Today I was told by a fellow Dupuytren’s contracture “sufferer” (who is otherwise a complete stranger) that it means I am 100% Aryan!
Yippee!
I self diagnosed a few years ago. But for official purposes I showed it to me doctor at a physical a couple years ago. She immediately recognized it and was starting to show off her medical esoterica when I let her know that I already figured it out.
My right hand started first and has only slowly progressed over the years but my left hand has decided to catch up. The main thing with the left is sometimes I get a sharp pain gripping something like a steering wheel.
Yeah, all my ancestors going back 400+ years spoke a Germanic language.
Stupid genes.
I have it as well, and Ancestry.com claims that I am a combination of English and Western European.
I’m 70, and have had it for a couple of years. It’s in both hands, but fortunately mostly in my right hand (I’m left-handed). Because of that, I can still bowl, curl, and play golf.
Ah, the “viking disease”. It does affect other ethnic groups besides northern europeans, but it’s much less common in sub-saharan Africa and in the middle and far east.
I’ve got a mild case in BOTH hands.
Here’s the Dupuytren society official logo: http://dupuytren.ru/img/ids.png
Is that logo for real?
I’ll be shocked if it is.
Be shocked: https://www.dupuytren-online.info/
Now I wanna be a part of that society.
Educate the innocent amongst us, please? 
I’m kinda offended they disregarded the role of the thumb.
The actor Bill Nighy has this, and some other famous people, too.
My dad had that as well. His ancestry was French and German. Wikipedia says doing manual labor is another risk factor, which my dad definitely did. Wiki also lists alcoholism as a risk factor. Dad may not have been a full-on alcoholic, but the man did drink a lot.

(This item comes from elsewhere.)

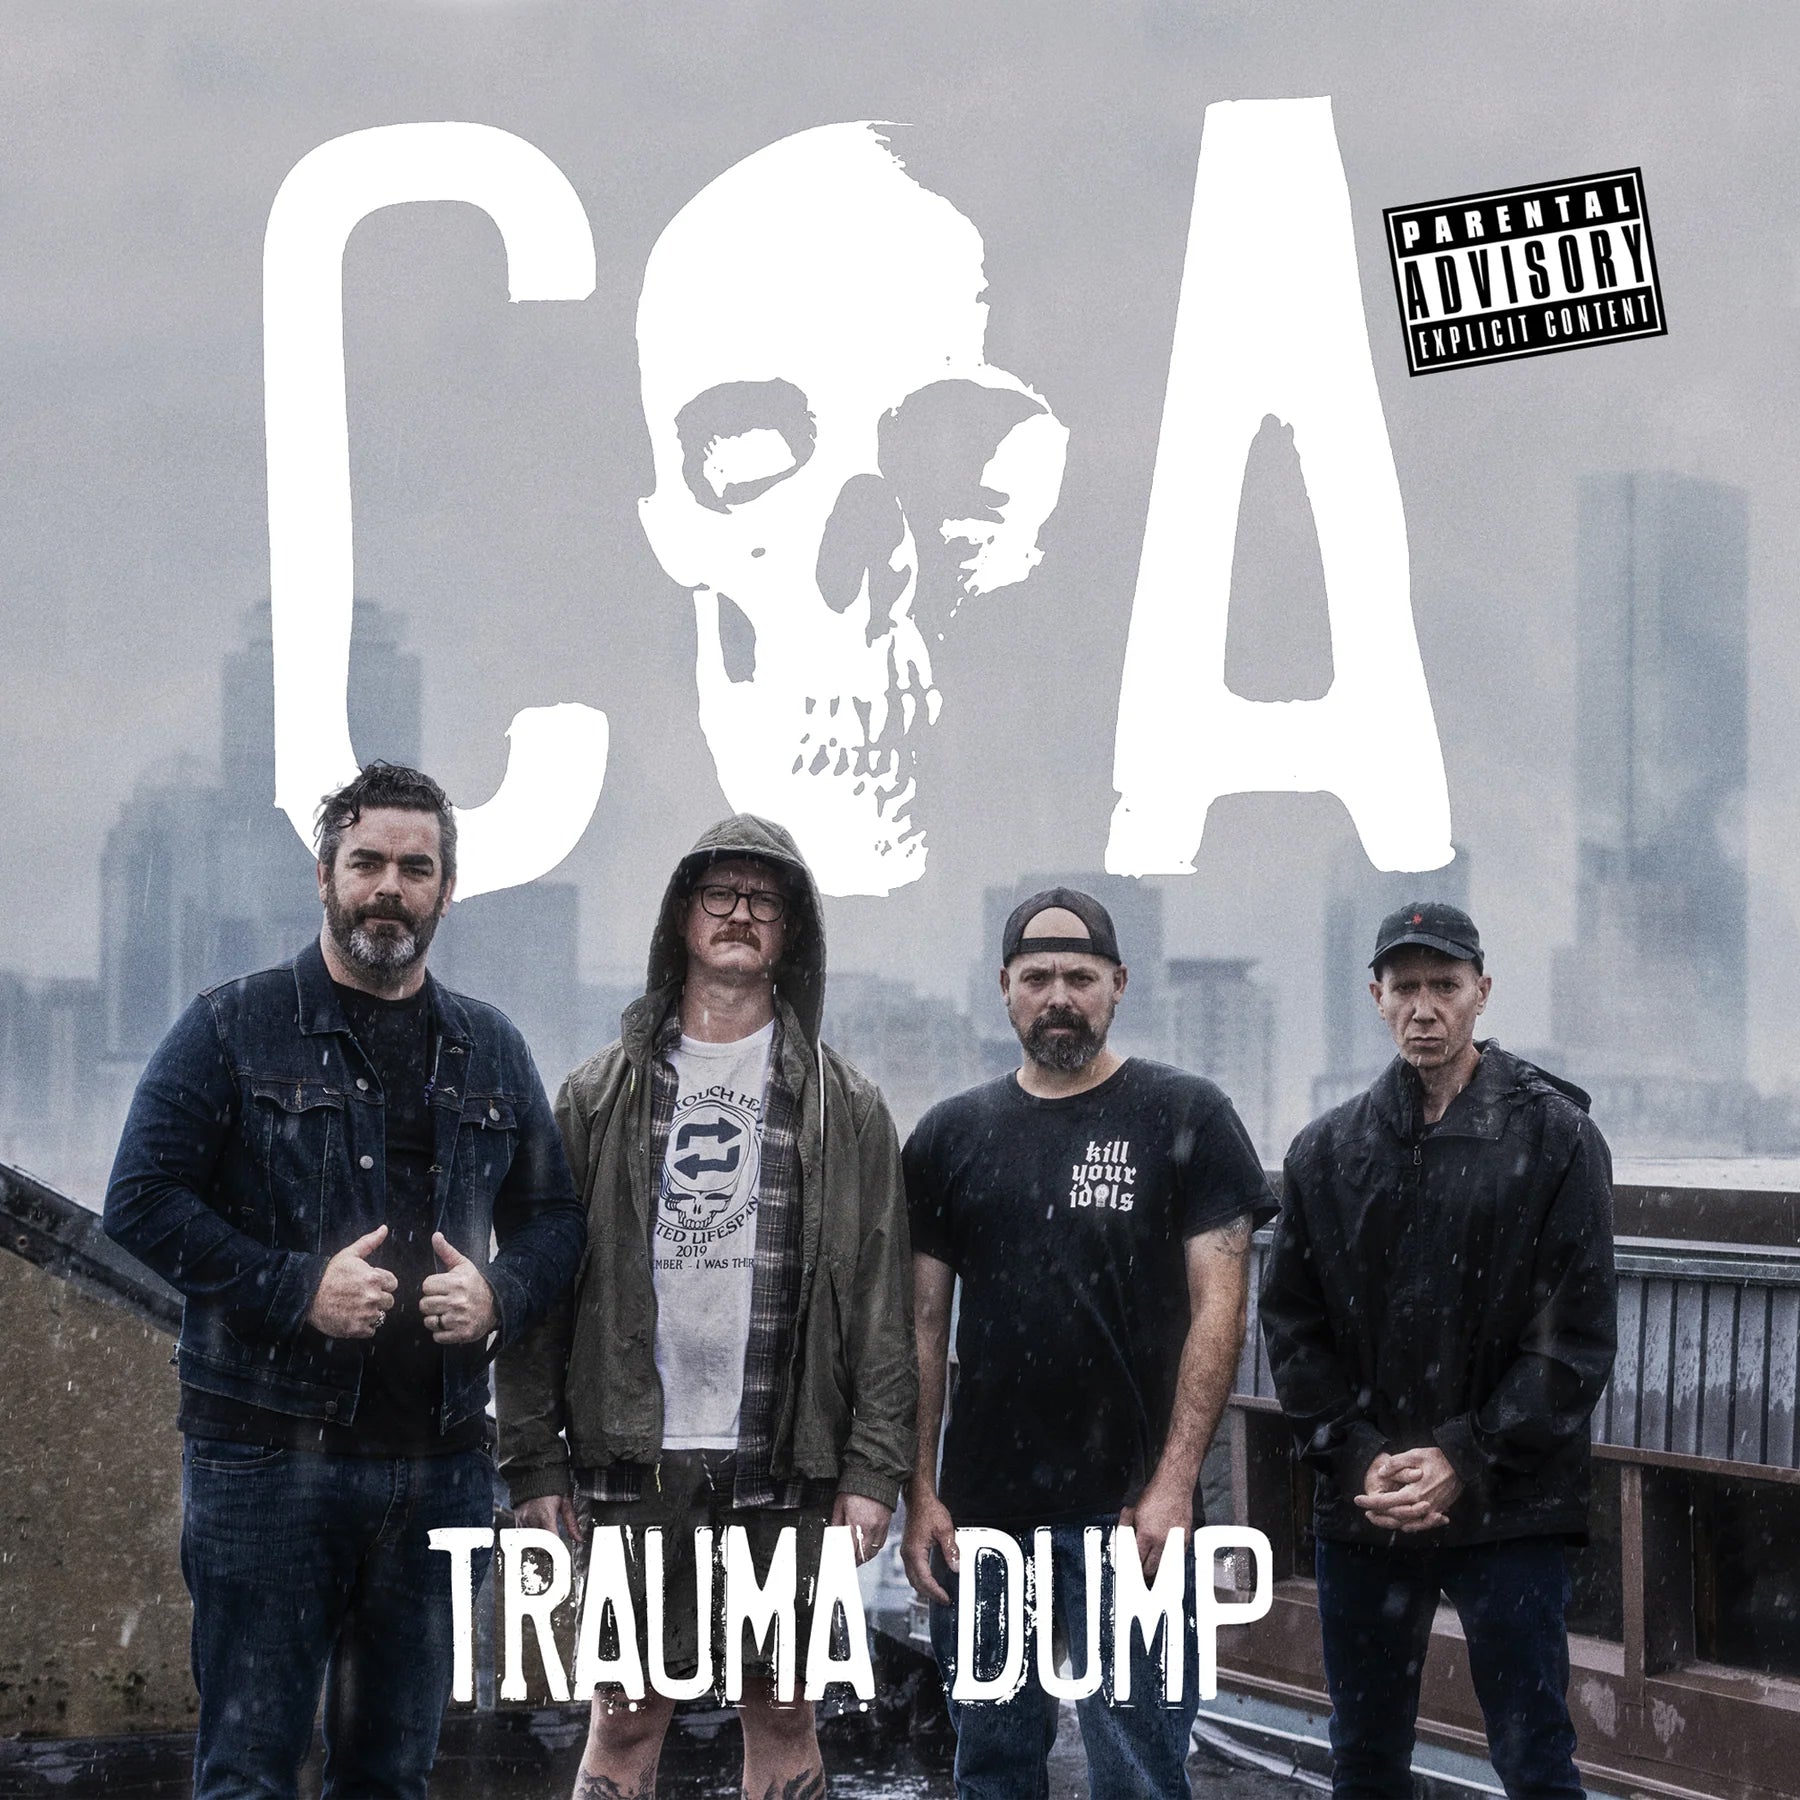 COA "Trauma Dump" 7"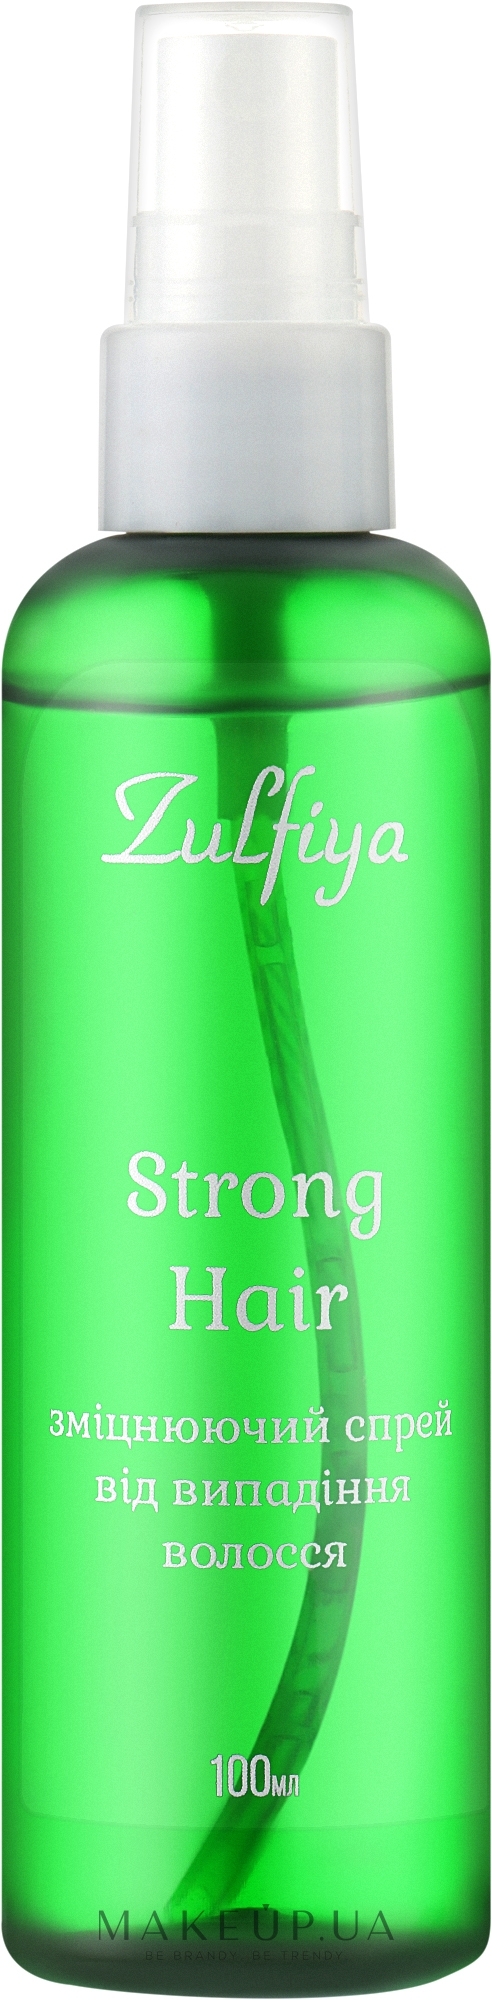 Укрепляющий спрей от выпадения волос - Zulfiya  — фото 100g

Nearly inhaled scrambled eggs when I read this.
If and when it gets to the point where you have to have something done about it, please look into Collagenase injection. This treatment involves injections of an enzyme into the affected areas, which acts like a solvent to break up the adhesions between the tendons and the surrounding tissue.
In my case it took a half-hour visit to the doctor to receive four injections into the palm of my hand, and a return visit forty-eight hours later, by which time my fingers were correctly aligned and had regained full movement. As of this writing some five years later, the contracture shows no sign of recurring.
When we originally looked into treatment, the only option was surgical intervention, which would require months of recovery. We instead waited two and a half years for FDA approval of the collagenase therapy, and it was well worth the wait.
Ignorance has been fought here today. :eek:
Now that you mention it, I think my dad got that as well. ISTR that it helped him at least temporarily, but I think his symptoms had started to return before his death. But my memory is fuzzy now.
My doctor told me that Dupuytren’s is a progressive condition for which there is no cure (the various procedures available treat the symptoms, not the underlying disease) and that any treatment I underwent would be a temporary one.
I had the needle aponeurotomy about eighteen months ago. Helped immensely, but the growth has come back. I’ll probably undergo the Collagenase injection sometime later this year. (I could undergo another NA procedure, but what the hell - let’s try something different.)
My dad had that. So far, I’ve avoided it.
Vikings traded slaves to the middle east, and Arab slavers raided as far north as Iceland and Norway.